There are many explanations for these parallel developments in the law, but the Timeline shows that perhaps the most important factor in the proliferation of new criminal laws is Congress’s decision to give administrative agencies the power to draft regulations that can form the basis for criminal prosecutions. No longer is it enough for businesses to consult the U.S. Code to determine which conduct violates criminal law; they must now wade through the even more dense Code of Federal Regulations to see whether an agency has adopted rules that allow for criminal prosecution if the agency’s requirements are not obeyed. This is particularly worrisome because it pushes the important job of drafting criminal law from our elected representatives to administrative bodies that are far from directly accountable to the people. Moreover, instead of the usual process, in which legislation creating new crimes must pass both houses of Congress and be signed by the President, it now takes only the “vote” of an administrative agency within the Executive Branch to achieve the same result. And with so many agencies separately exercising this power, the number of criminal prohibitions has mushroomed.
WLF Timeline chart
Our elected representatives share responsibility for this situation in a more direct manner too. Congress often responds reflexively to publicity about potentially blameworthy conduct (think of Enron or the 2008 financial crisis) by creating new federal crimes before carefully considering whether existing laws already made the conduct illegal. (It does little good to expand the scope of conduct subject to prosecution if proper enforcement of existing laws would get at the root of a problem.) As shown elsewhere in the Timeline, this type of congressional reaction has also included a watering down of mens rea requirements, making it easier for prosecutors to turn good-faith disagreements about the lawfulness of certain conduct into fodder for criminal prosecutions.
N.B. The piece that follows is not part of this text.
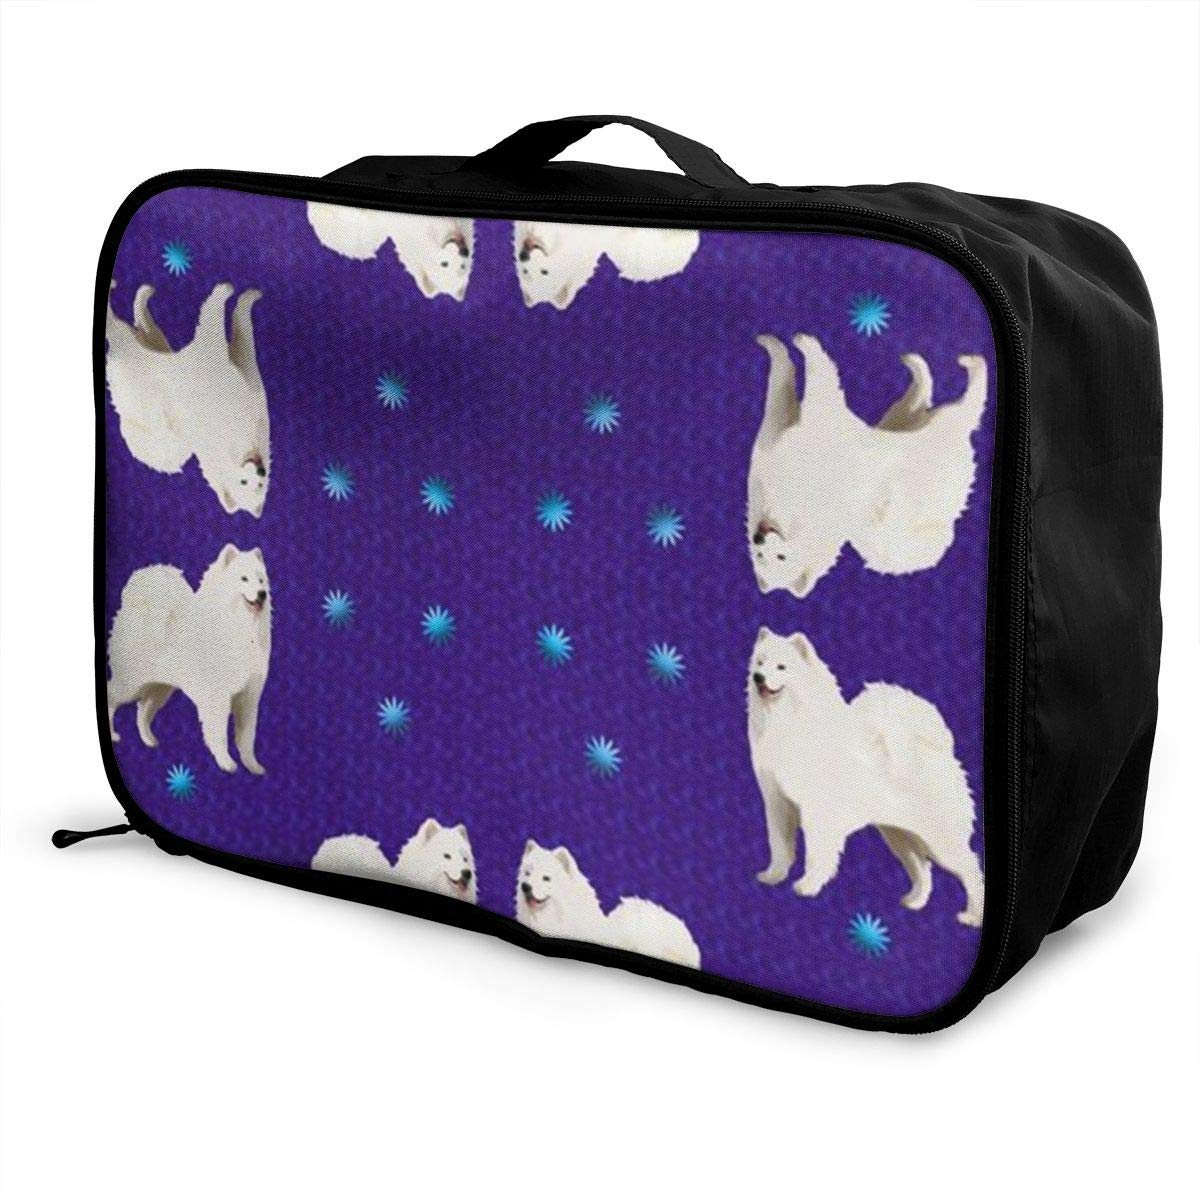 ADGAI Samoyed Purple with Stars Canvas Travel Weekender Bag,Fashion Custom Lightweight Large Capacity Portable Luggage Bag,Suitcase Trolley Bag

Similar explanations can be found for the significant upward trend in federal criminal penalties. When Congress criminalizes new conduct, it also tends to “supersize” the penalties—for new and old offenses alike. In response to the infamous savings-and-loan crisis of the 1980s, for example, Congress increased the prison term for many fraud-based bank offenses to 30 years—six times higher than the maximums then in place for mail fraud and wire fraud. And after Enron and WorldCom, Congress passed Sarbanes-Oxley, which included higher statutory penalties for fraud and a directive encouraging the United States Sentencing Commission to beef up the sentencing guidelines ranges for those offenses. In neither instance was there good reason to believe that the problem was an inability to impose harsh enough sentences. In point of fact, a wealth of research data shows that certainty of punishment—not severity—is the key to deterrence, especially in white-collar cases. The decision to increase penalties in Sarbanes-Oxley was particularly unjustified because the Sentencing Commission had just approved higher sentencing ranges for economic crimes that were due to take effect later that year.
For many companies, the threat of a criminal conviction carries so many negative collateral consequences (indictment alone doomed Arthur Andersen) that the only safe option is to pursue a non-prosecution or deferred-prosecution agreement with the government. That development, also chronicled on the WLF Timeline, makes for superb irony. One of the central purposes of the Sentencing Reform Act, which created the Sentencing Commission, was to improve consistent treatment of violators through transparent and principles-based sentencing, with appellate review available to police even-handed application of the law. But as more and more business conduct is criminalized, companies find themselves negotiating settlements with the Department of Justice outside of the usual criminal-justice process in order to avoid a criminal record. Companies therefore find themselves paying huge penalties, not much different from the fines a judge might impose following a guilty plea or trial. The critical difference is that these dispositions occur with little or no court involvement, meaning less oversight for consistency and transparency.
This application of the law of unintended consequences is not a crime (at least not yet), but it certainly is one of the many unfortunate byproducts for our commercial sector of having too many criminal laws with ever-increasing penalties.